Keywords
Subjective Well-Being, Gender Role Attitudes, Gender Inequality Index, Value Congruence, European Social Survey


1. Introduction and Theoretical Framework


1.1 Redefining Well-Being Across Gender and Ideological Lines
    Subjective well-being (SWB) is understood as a multidimensional concept encompassing mental health, emotional affect, and satisfaction with life and specific domains and data on this domain offer valuable insights into how macro-level institutions, public policies, historical experiences, and social capital shape human welfare, often moving far beyond the explanatory power of economic growth alone (Helliwell, 2003).Beyond individual outcomes, higher levels of well-being contribute to broader societal prosperity by fostering productivity, creativity, cooperation, and longer, healthier lives. However, self-reports are inherently shaped by social norms and gendered institutions (Riva et al., 2019).
    While average levels of happiness and life satisfaction appear superficially similar for women and men, important differences emerge across the life course (Audette et al., 2019). Men and women rely on distinct cognitive sources when evaluating their lives: men place greater emphasis on self-satisfaction, whereas women draw heavily on both self-satisfaction and the quality of close relationships (Schimmack et al., 2008). Literature shows that women consistently report more negative emotions and fewer positive daily experiences than men across countries and over time, even though differences in overall life satisfaction are far less pronounced (Blanchflower & Bryson, 2024). Instead, women tend to be more pessimistic about macro outcomes such as the economy, democracy, and public services as well as their own financial and job prospects, while men exhibit higher rates of “deaths of despair” (Blanchflower & Bryson, 2024). This divergence underscores why empirical models aimed at evaluating well-being must account for the distinct orientations of specific social groups rather than assuming universal, uniform pathways to happiness (Schimmack et al., 2008).

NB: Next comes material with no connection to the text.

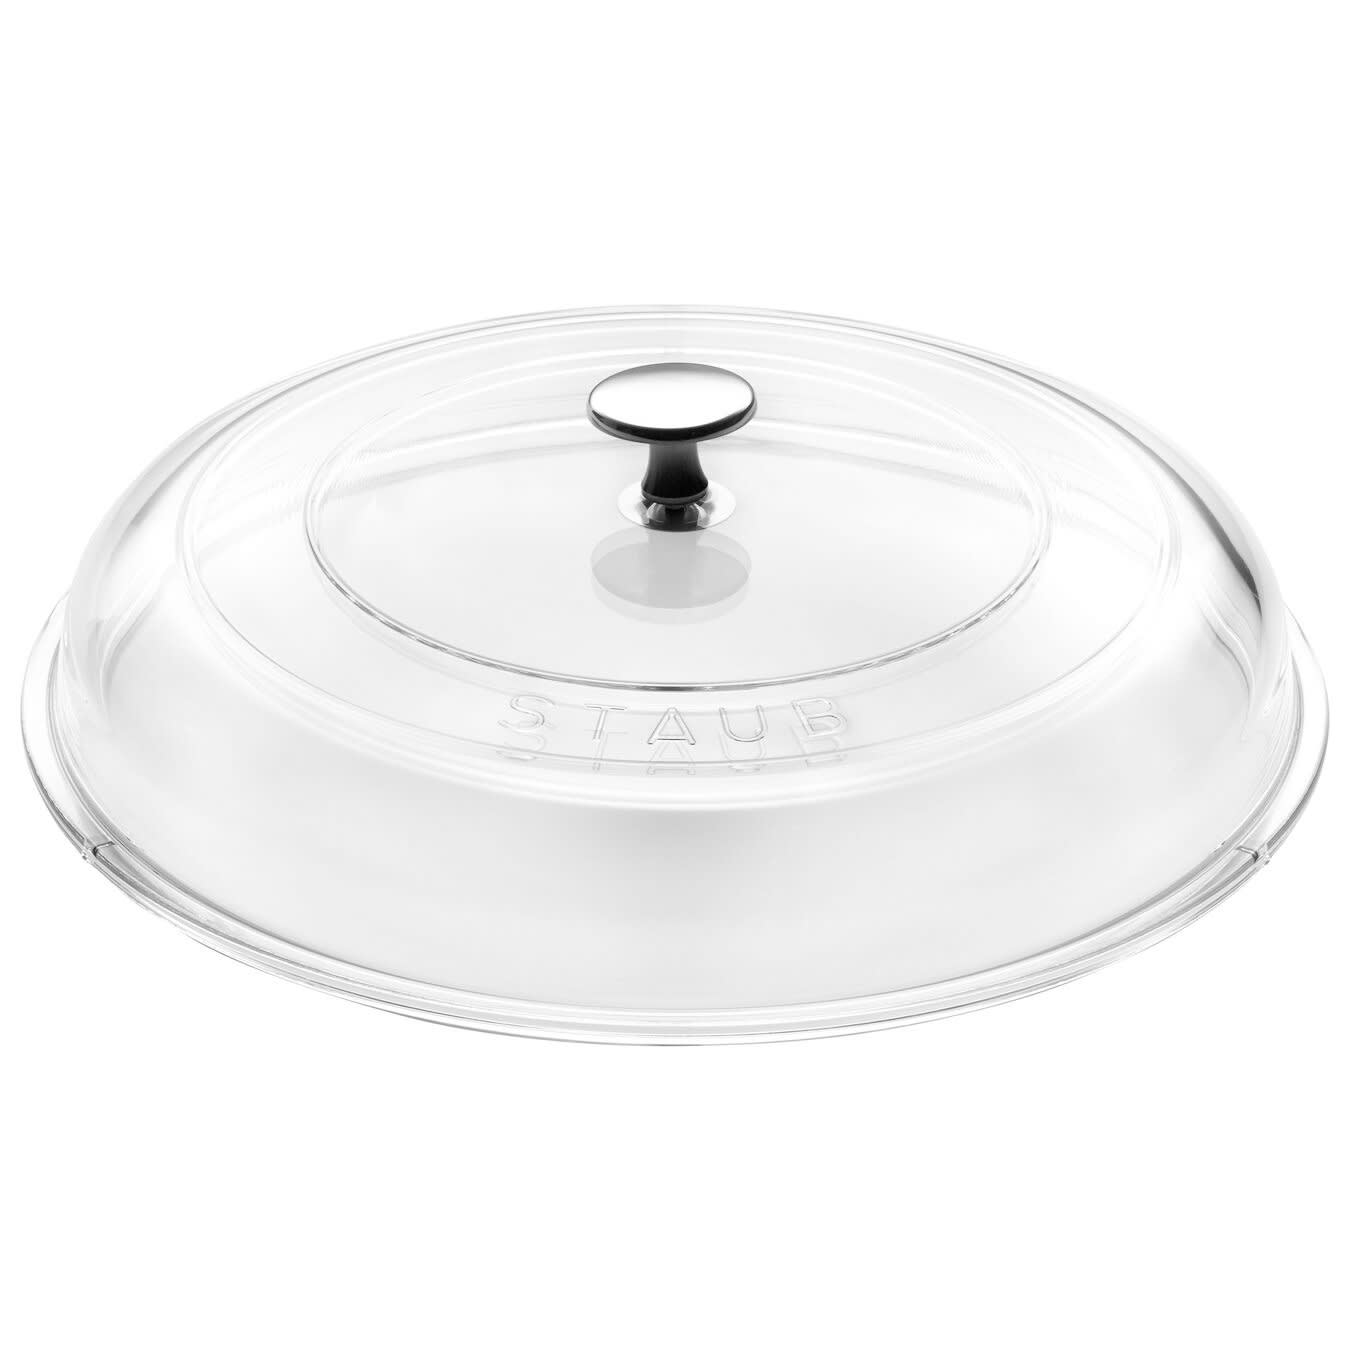 Staub Small Wok with glass lid diam.12 inch

1.2 Gender Equality and Economic Participation
    The broader cultural and structural environment plays a critical role in anchoring individual well-being, carrying profound implications for migration, acculturation, and organizational life (Gebauer et al., 2020). Research consistently shows that higher levels of macro-equality are associated with greater overall happiness, supporting international efforts to expand women’s political representation, leadership opportunities, and economic participation and Because political ideology simultaneously dictates how an individual evaluates life satisfaction and how they perceive gendered labor divisions, adjusting for political orientation is statistically imperative to isolate the true psychological returns of gender role attitudes (Ritchie & Tucker-Drob, 2018).
   Gender equality in education, employment, and political representation also contributes positively to both SWB and the Human Development Index (HDI), with educational equality emerging as the most consistent predictor (Matsuo & Matthys, 2018). However, macro-structural progress does not automatically eliminate well-being deficits. For example, higher female labor-force participation in OECD countries can actually lower SWB when women continue to carry a disproportionate share of unpaid work (Matsuo & Matthys, 2018).
    Similarly, evidence regarding health remains mixed: gender gaps in subjective health vary markedly across Europe and are not consistently smaller in more gender-equal countries, although self-rated health disparities tend to narrow with higher levels of human development. According to Dahlin & Härkönen, unpaid care work and other overlooked inequalities may continue to shape health outcomes even in egalitarian contexts, highlighting the need for more specific policy indicators and attention to regional differences.Institutions do not merely constrain opportunities; they also determine which social identities become psychologically salient. In contexts characterized by persistent gender inequality, attitudes toward gender roles may become more central to individuals’ evaluations of fairness, autonomy, and social belonging.
    Consequently, gender ideology should exert a stronger influence on subjective well-being where institutional inequality remains high. (Dahlin & Härkönen, 2013). Multilevel analyses demonstrate that this relationship is significantly moderated by national gender stratification: in more gender-unequal societies, low-income men face heightened risks of suffering because traditional breadwinner norms intensify the stigma of low earnings. Conversely, for women, gender inequality increases severe ill-being across all income groups, with economic disadvantage further compounding the effect (Araki & Olivos, 2024).
   Labour-market participation reflects the interaction between gender attitudes and institutional contexts. Women with traditional gender-role beliefs, particularly mothers of young children, tend to work fewer hours, although public childcare provision can partially offset this effect (Andringa et al., 2015). At the same time, highly gender-equal societies may generate greater work–family stress, as expectations for balancing paid and unpaid responsibilities are stronger for both women and men (Farrell & Phungsoonthorn, 2020). Cultural and structural barriers further shape these dynamics, especially among religious immigrant women, while urban and rural environments differ substantially in the social norms and institutional support available for non-traditional gender roles (Kanas & Müller, 2021; Andringa et al., 2015). Consequently, work–life fit becomes increasingly important for subjective well-being in more egalitarian societies, where alignment between personal values and institutional arrangements fosters a stronger person–environment fit (Napier et al., 2010; Gebauer et al., 2020). National gender inequality should therefore be understood not only as a direct determinant of well-being, but also as the structural context that conditions the psychological significance of individual gender ideologies.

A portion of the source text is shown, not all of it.